Bell Canada parent company BCE Inc. BCE-T reported higher revenue but lower net earnings in the quarter as promotional activity on mobile plans continued across the sector.
The telecom, media and technology company posted revenue of $6.1-billion in its first quarter, up 4 per cent and beating analyst expectations of $6-billion.
This reflected higher net earnings from its U.S. fibre business, as these were not included in last year’s earnings, and growth at the company’s media division, offset by a decline in its Canadian telecom division.
Net earnings were $667-million, down 2.3 per cent from last year, in part the result of higher depreciation and amortization. The company maintained its previous guidance and dividend rate.
Long-term debt was $37.4-billion as of March 31, up 7.3 per cent over the end of the previous quarter in December as the company issued new notes.
“Fundamentally, we’re just executing on the three-year plan that we laid out” last year, said Bell chief financial officer Curtis Millen in an interview Thursday morning.
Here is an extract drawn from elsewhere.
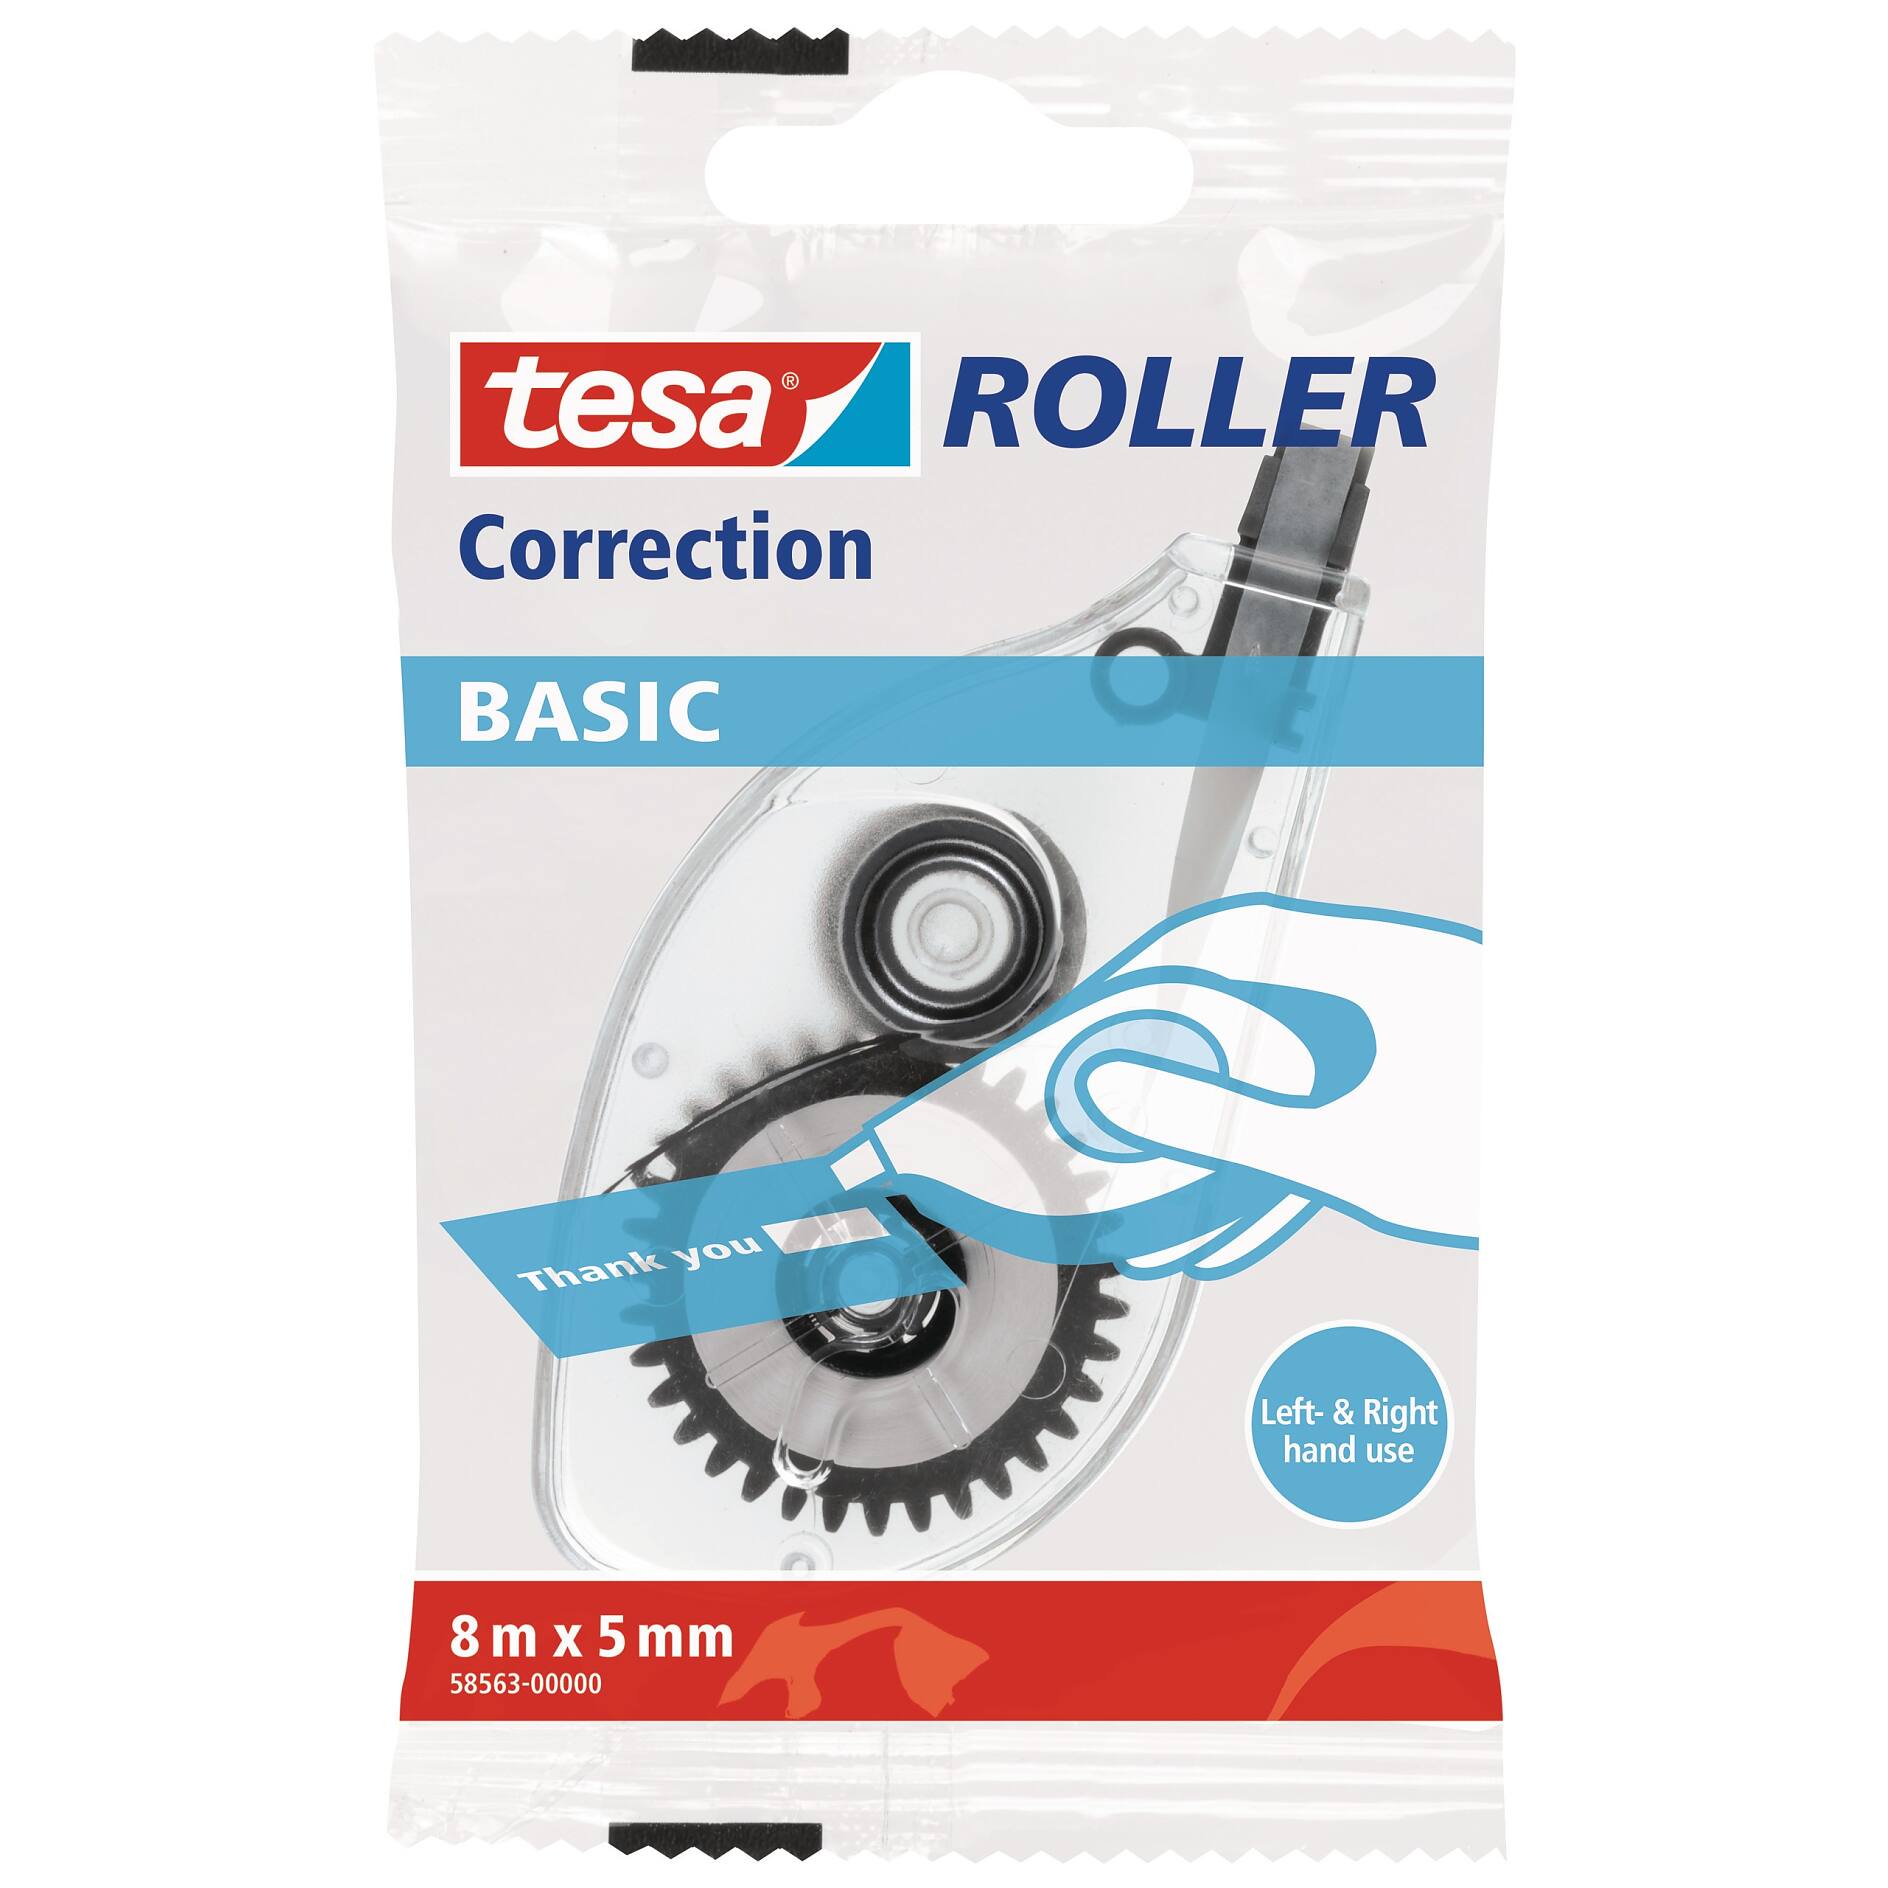 Tesa® Roller Colle Permanente Ecologo® (l X L) 14 M X 8.4 Mm 1 Pc

This includes selling assets and reallocating that money to “better growth opportunities,” including its American fibre internet holding and its artificial intelligence business offerings.
During the quarter, Bell sold its land mobile radio network business to a subsidiary of American technology company Motorola Solutions for $675-million, and announced an AI data centre in Saskatchewan, a project it expects to cost $1.7-billion.
Construction work has begun at the facility, and Mr. Millen said the company has put in purchase orders for over 90 per cent of the equipment it needs to build.
Speaking with analysts Wednesday morning, Bell chief executive officer Mirko Bibic said that the first quarter was “unusually competitive” in the wireless segment, with promotional activity extending far beyond the date typical for the period.
The company added 17,000 net postpaid mobile subscribers during the quarter, but lost 11,900 net prepaid customers, reflecting “a shift in market activity toward postpaid discount brands,” according to financial statements.
Combined, this net addition of 5,000 customers met analyst expectations and compared with a loss of 1,000 subscribers in the same quarter last year.
Average revenue per user, a common metric used by the industry to measure the value of a customer, for mobile phones declined slightly in the quarter as the company saw higher discounting, lower overage revenue and declining roaming revenue from travel.
The company lost 43,000 home telephone customers in the quarter, a smaller loss than last year.
Media revenue rose just 0.4 per cent year over year. Advertising revenue was down 12 per cent but subscriber revenue was up 11 per cent, reflecting greater Crave and sports streaming.